Authentication protocols:
Digest Protocol Extensions [MS-DPSP]
Credential Security Support Provider (CredSSP) Protocol [MS-CSSP]
NT LAN Manager (NTLM) Authentication Protocol [MS-NLMP]
Secure Sockets Layer (SSL)/Transport Layer Security (TLS) Protocols (SSL/TLS) [MS-TLSP]
Simple and Protected Generic Security Service Application Program Interface (GSS-API) Negotiation Mechanism (SPNEGO) Protocol Extensions [MS-SPNG]
The Extended GSS-API Negotiation Mechanism (NEGOEX) [IETFDRAFT-NEGOEX-02]
SPNEGO Extended Negotiation (NEGOEX) Security Mechanism (NEGOEX-04) [MS-NEGOEX]
Public Key Cryptography Based User-to-User Authentication - (PKU2U) [PKU2U-DRAFT]
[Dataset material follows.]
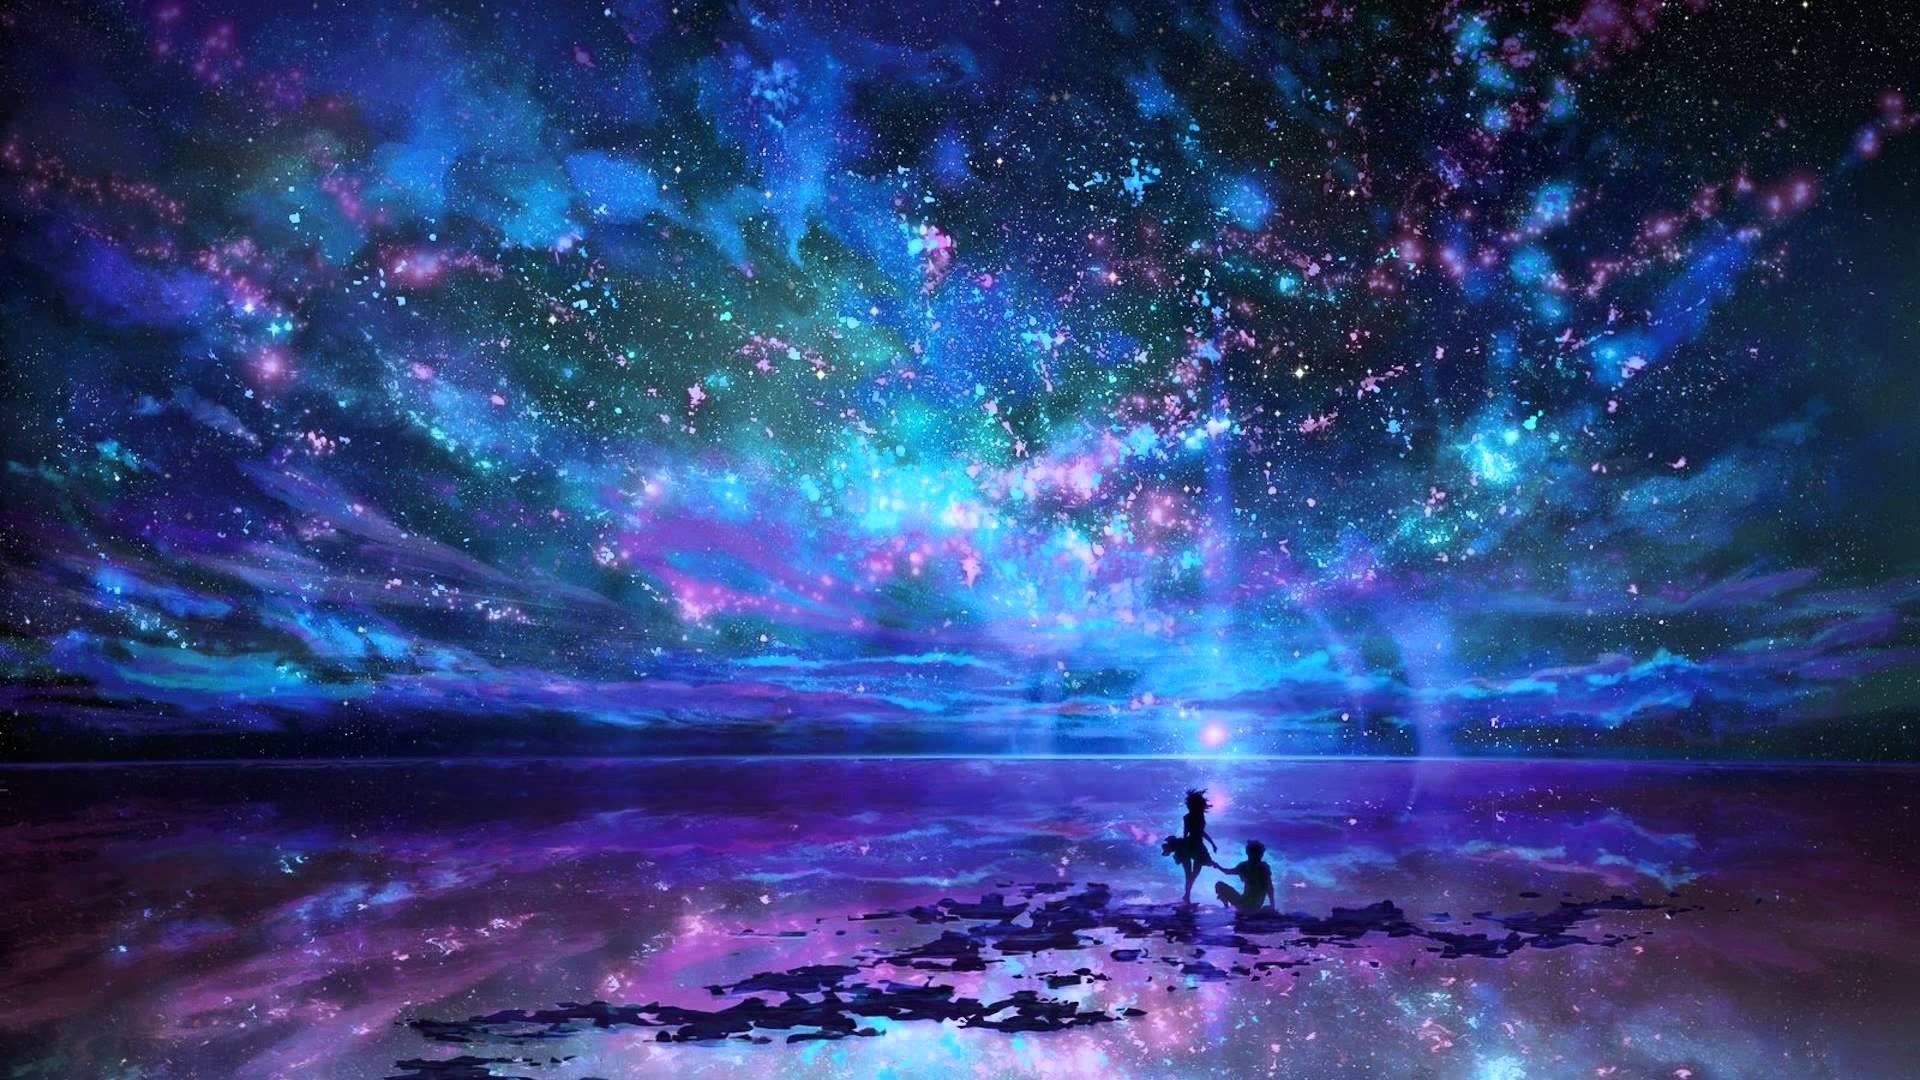 Digital Art Space Sky Scenery HD Wallpaperx1080. Anime scenery, Landscape wallpaper, Fantasy star

Kerberos Proxy Key Distribution Protocol [MS-KKDCP]
Auxiliary Protocols:
Authentication Protocol Domain Support [MS-APDS]
Remote Certificate Mapping Protocol [MS-RCMP]
Netlogon Remote Protocol [MS-NRPC]
Custom Authentication Protocols:
Authentication Services provides an extensible network logon authentication architecture, which allows implementers to add custom authentication protocol security support providers (SSPs) to the system architecture.
Authentication protocol selection
Both the client and server application protocols can select any authentication protocol from the list of supported authentication protocols through the GSS-API interface, either directly or indirectly.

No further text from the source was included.